Na ulicy Kozietulskiego w Słupsku wycięto cztery zdrowe drzewa. Urząd miasta podkreśla, że o usunięciu lip zdecydowały względy bezpieczeństwa. Drzewa usunięto, bo ograniczały widoczność na skrzyżowaniu z centrum handlowym.
Jak podkreśla Monika Rapacewicz, rzecznik urzędu miejskiego w Słupsku, samorząd otrzymał zgodę na wycięcie drzew z Urzędu Marszałkowskiego Województwa Pomorskiego.
– Z własnych obserwacji, ale też sygnałów od mieszkańców dotyczących bezpieczeństwa na tej ulicy, wjazdu i wyjazdu w kierunku tego obiektu handlowego, widzieliśmy, że jest niebezpiecznie. Na tym odcinku zdarzały się wypadki i kolizje z uwagi na ograniczoną widoczność dla kierowców. Stąd też podjęto takie działania i zwrócono się do marszałka województwa o zgodę na usunięcie tych drzew – powiedziała Monika Rapacewicz.

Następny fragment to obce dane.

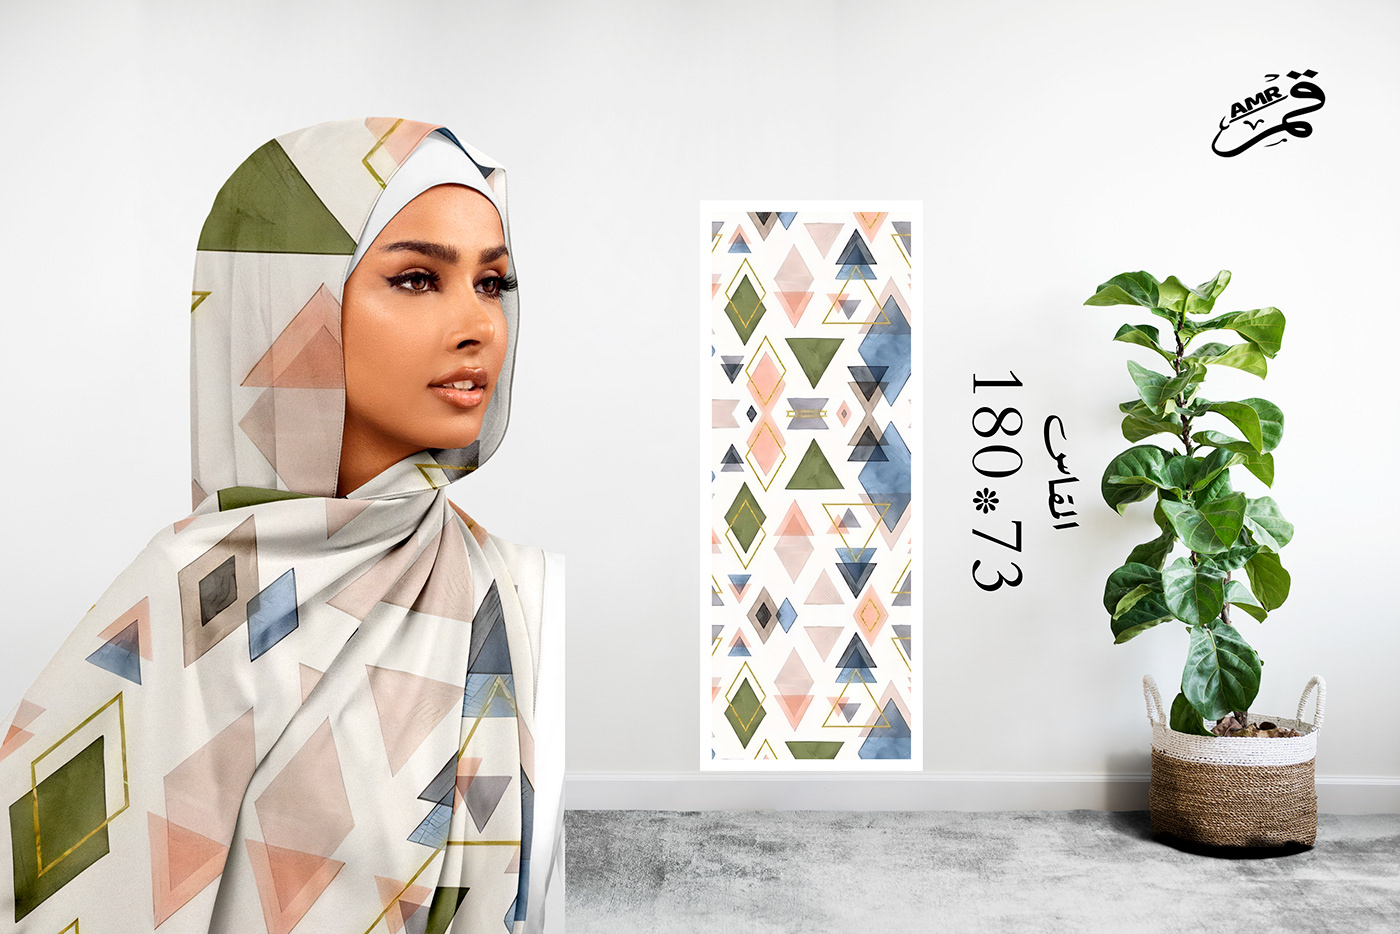 beauty Digital Art  Fashion  hijab human face muslim ramadan scarf scarf design woman

CZY WYCIĘCIE DRZEW BYŁO KONIECZNE?
Mieszkańcy ulicy mają wątpliwości, czy wycięcie drzew było konieczne.
– Szkoda tych zdrowych drzew. Może wystarczyło zainstalować lustro albo zmienić tu organizację ruchu. Te drzewa miały po kilkadziesiąt lat. Tak, zdarzały się tu kolizje, bo kierowcy wymuszali pierwszeństwo przejazdu. Jak ktoś wyjeżdża ostrożnie, to wszystko widać – mówi jeden ze słupszczan.